There’s a difference to me between returning to the style that people liked more and going ‘back to basics’ which is a much more authenticity based move
― President Keyes, Saturday, 10 March 2018 01:09 (six years ago) link
back to basics shd only be used when ppl go back to, like, gregorian chants.
― NBA YoungBoy named Rocky Raccoon (m bison), Saturday, 10 March 2018 01:12 (six years ago) link
Or do they come back to computers after going "natural" ?Maybe Depeche Mode would be an example of thissurely the electronic version of this is : 'we dug out all our old analogue equipment/modular synths for this album ... '
surely the electronic version of this is : 'we dug out all our old analogue equipment/modular synths for this album ... '
Not following a "natural" release, but... 'All You Need is Now' certainly makes this move, down to making sure there's the "Girls on Film" one, "The Chauffeur" one, etc... a wholly unnecessary self-flagellation for the fan uproar over 'Red Carpet Massacre'.

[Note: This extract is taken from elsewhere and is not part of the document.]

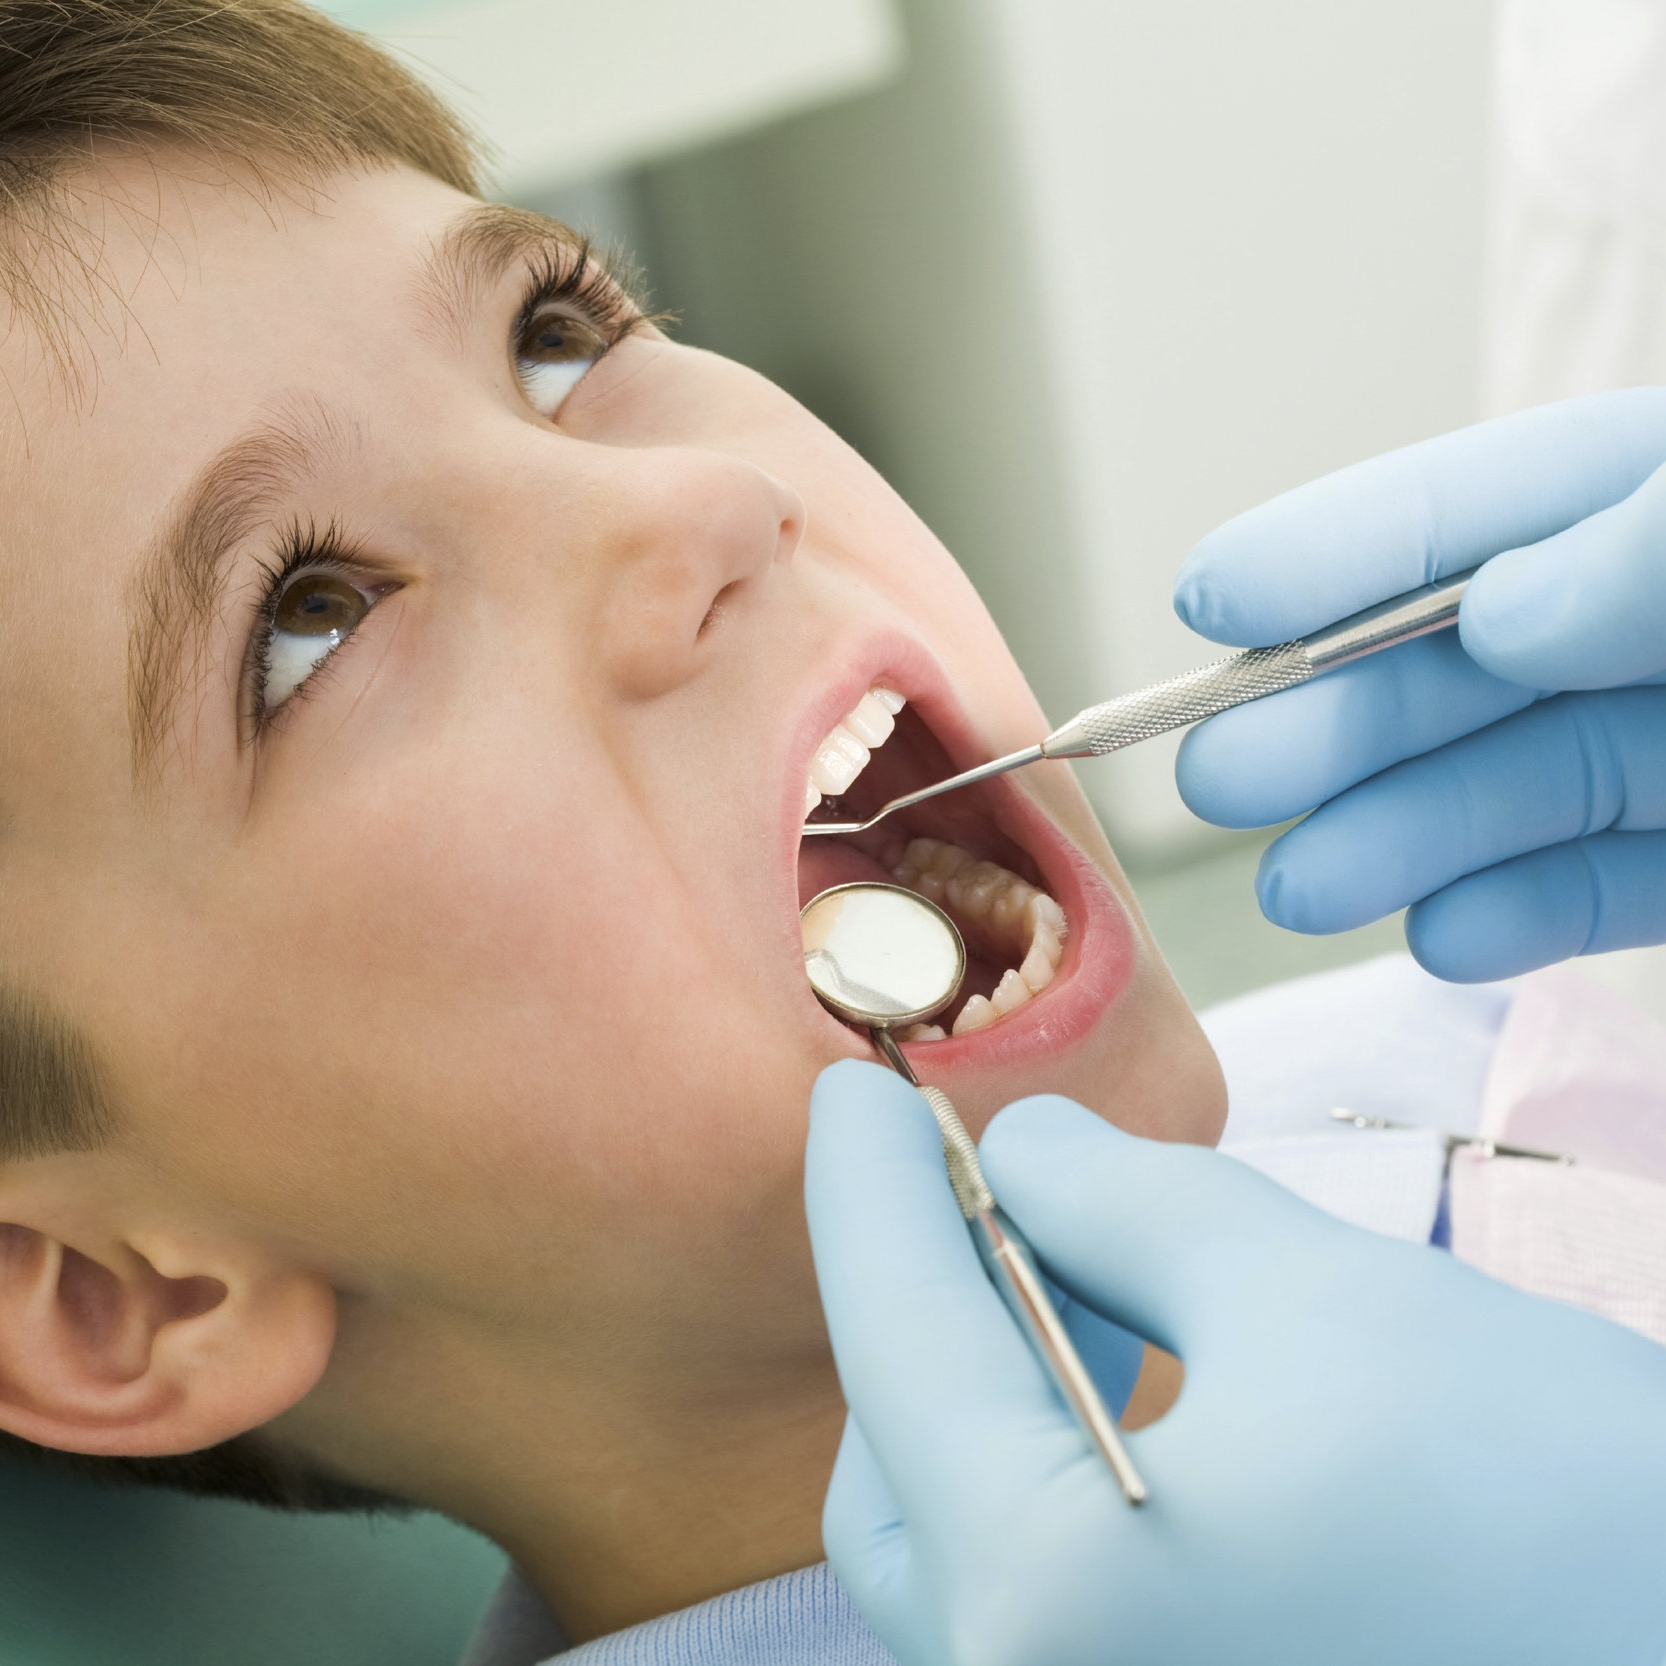 Pediatric-Dentist-1.jpg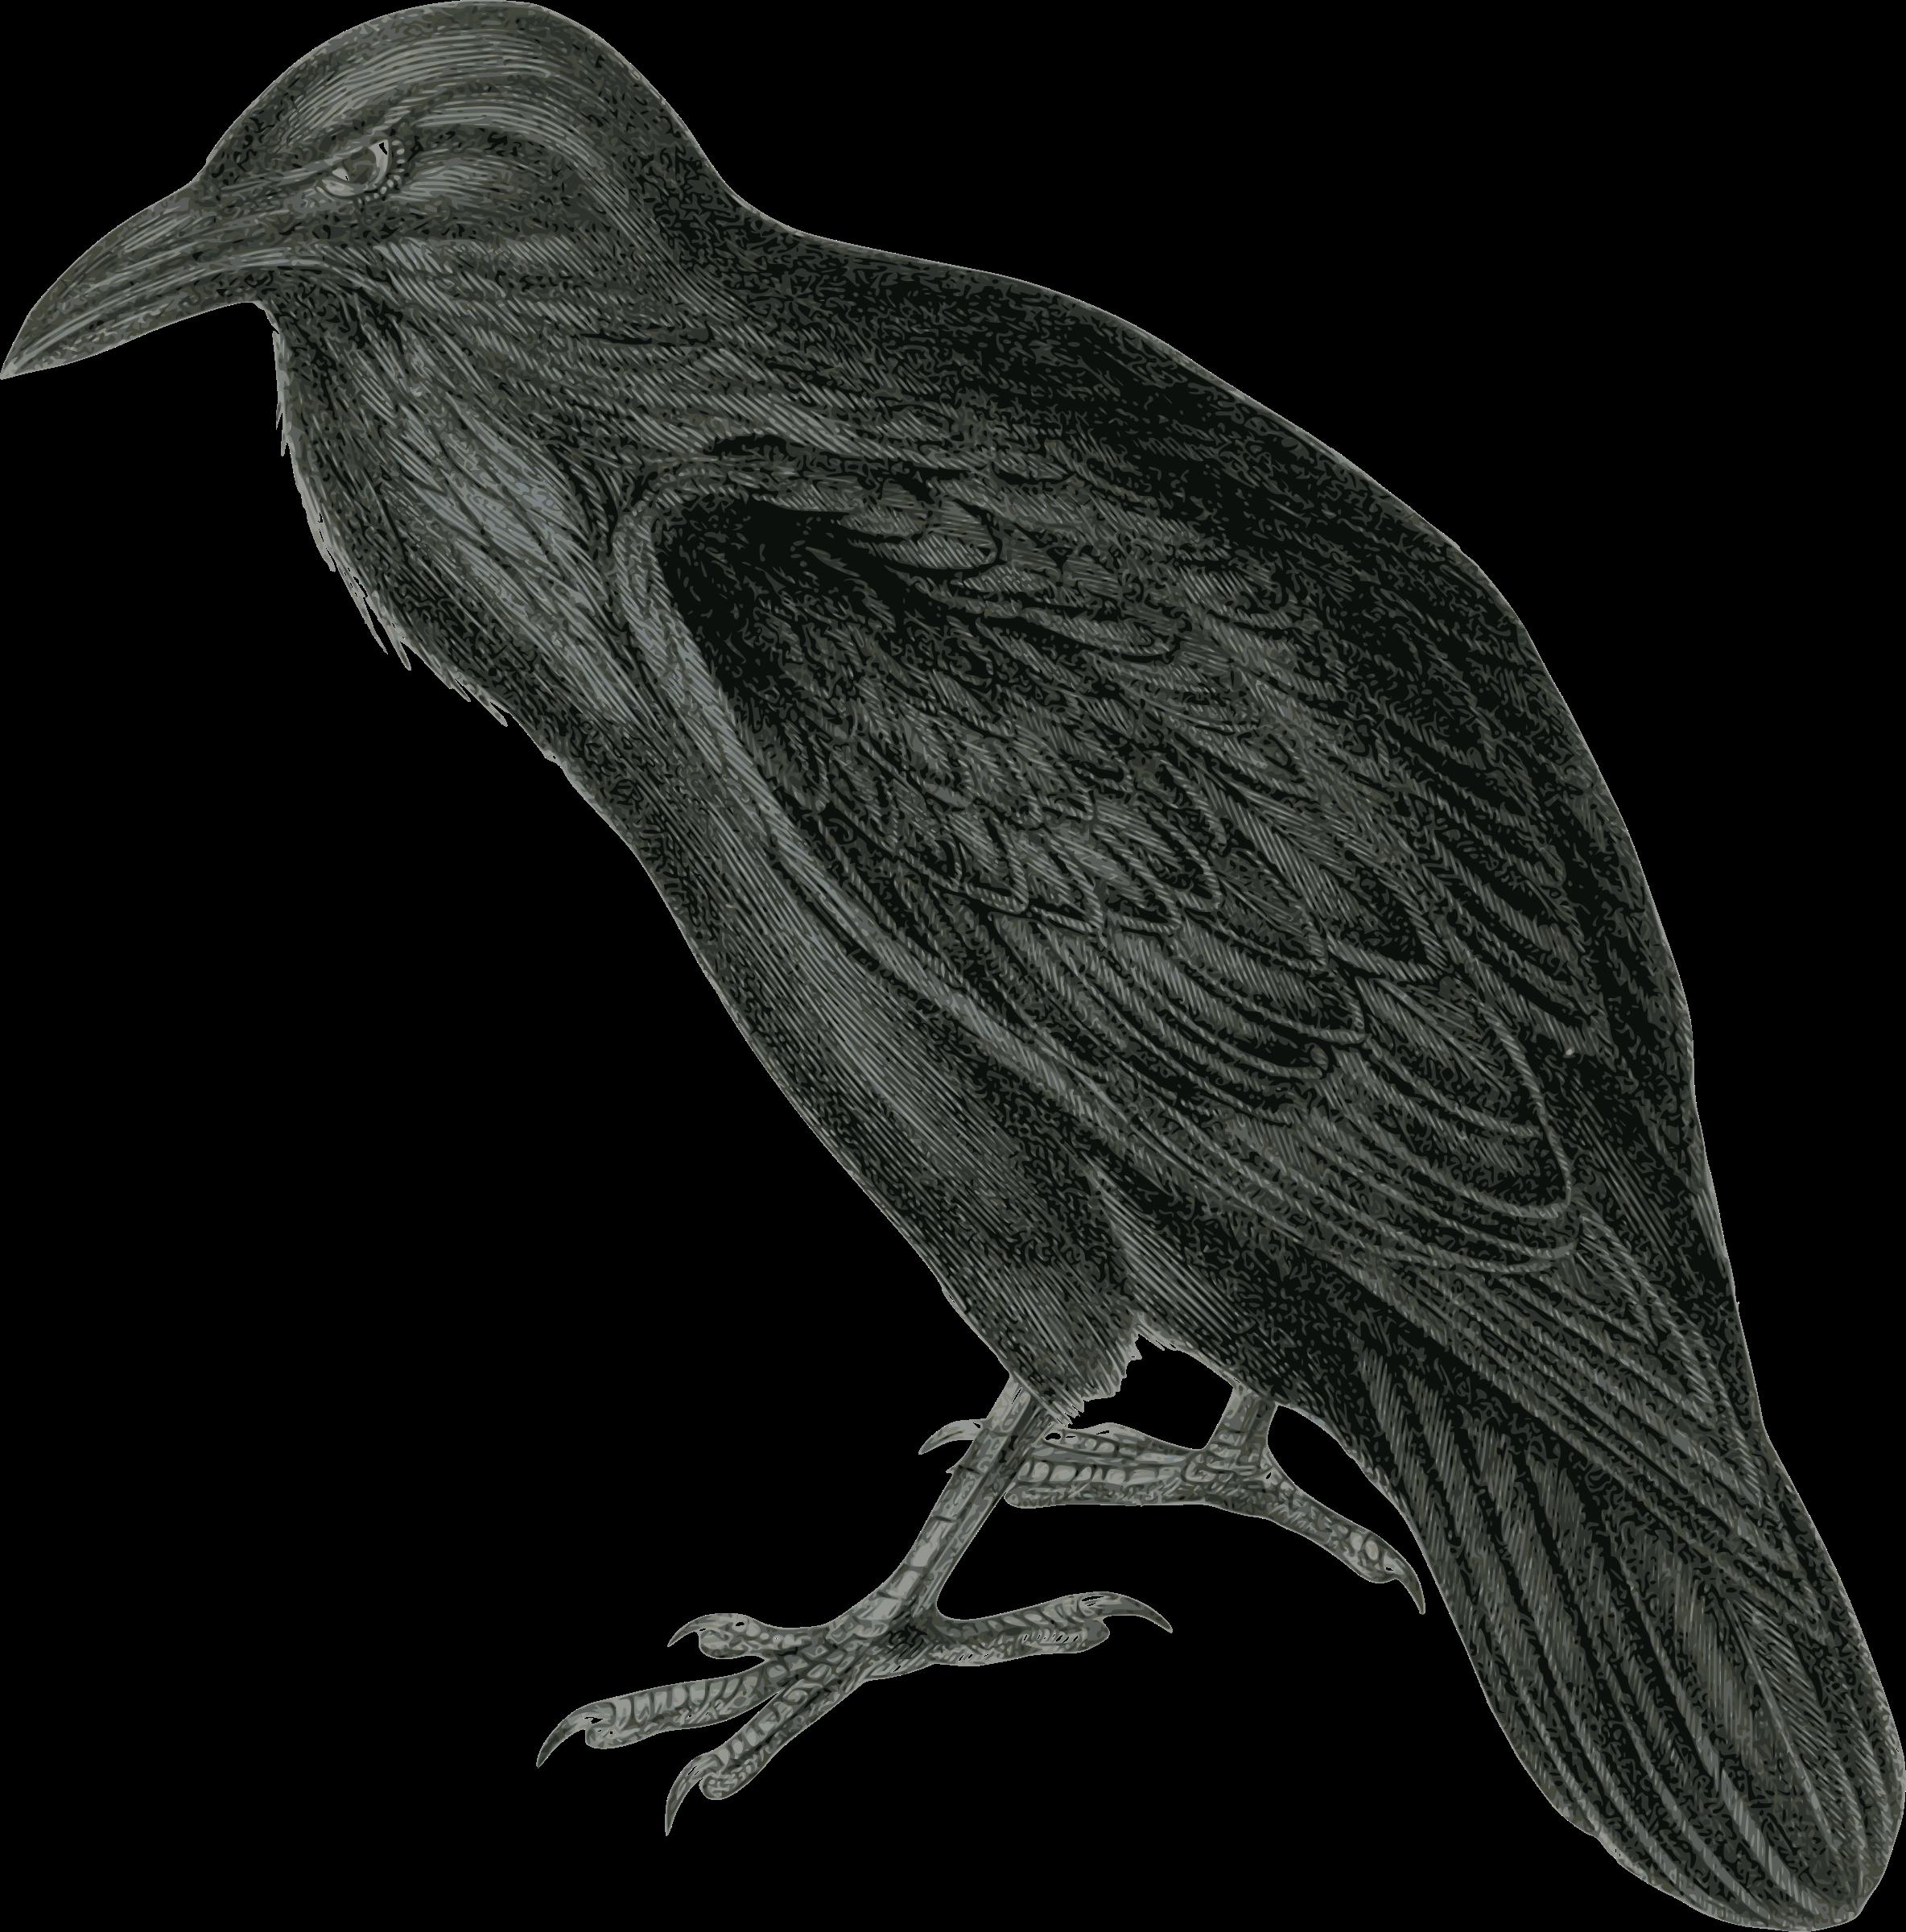 Raven Vector Clipart image - Free stock photo - Public ...

― mr.raffles, Saturday, 10 March 2018 03:16 (six years ago) link
Dylan's "back to basics" was incontrovertibly the World Gone Wrong / Good As I Been to You double - obscure folk standards, Dylan + guitar, recorded in his garage. Laid the foundation for Time Out of Mind - "Love and Theft" - Modern Times so, time well spent.
― startled macropod (MatthewK), Saturday, 10 March 2018 07:18 (six years ago) link
Time wasted actually listening to the fuckers though.
― Buff Jeckley (Tom D.), Saturday, 10 March 2018 09:48 (six years ago) link
I love them
― startled macropod (MatthewK), Saturday, 10 March 2018 11:43 (six years ago) link
yah me too
― It's not delivery, it's Adorno! (upper mississippi sh@kedown), Saturday, 10 March 2018 12:19 (six years ago) link
i think it's mostly marketing. on the contrary i can't think of many albums who were promoting as being daring and experimental. the music industry is inherently conservative (hence reliance on the btb trope)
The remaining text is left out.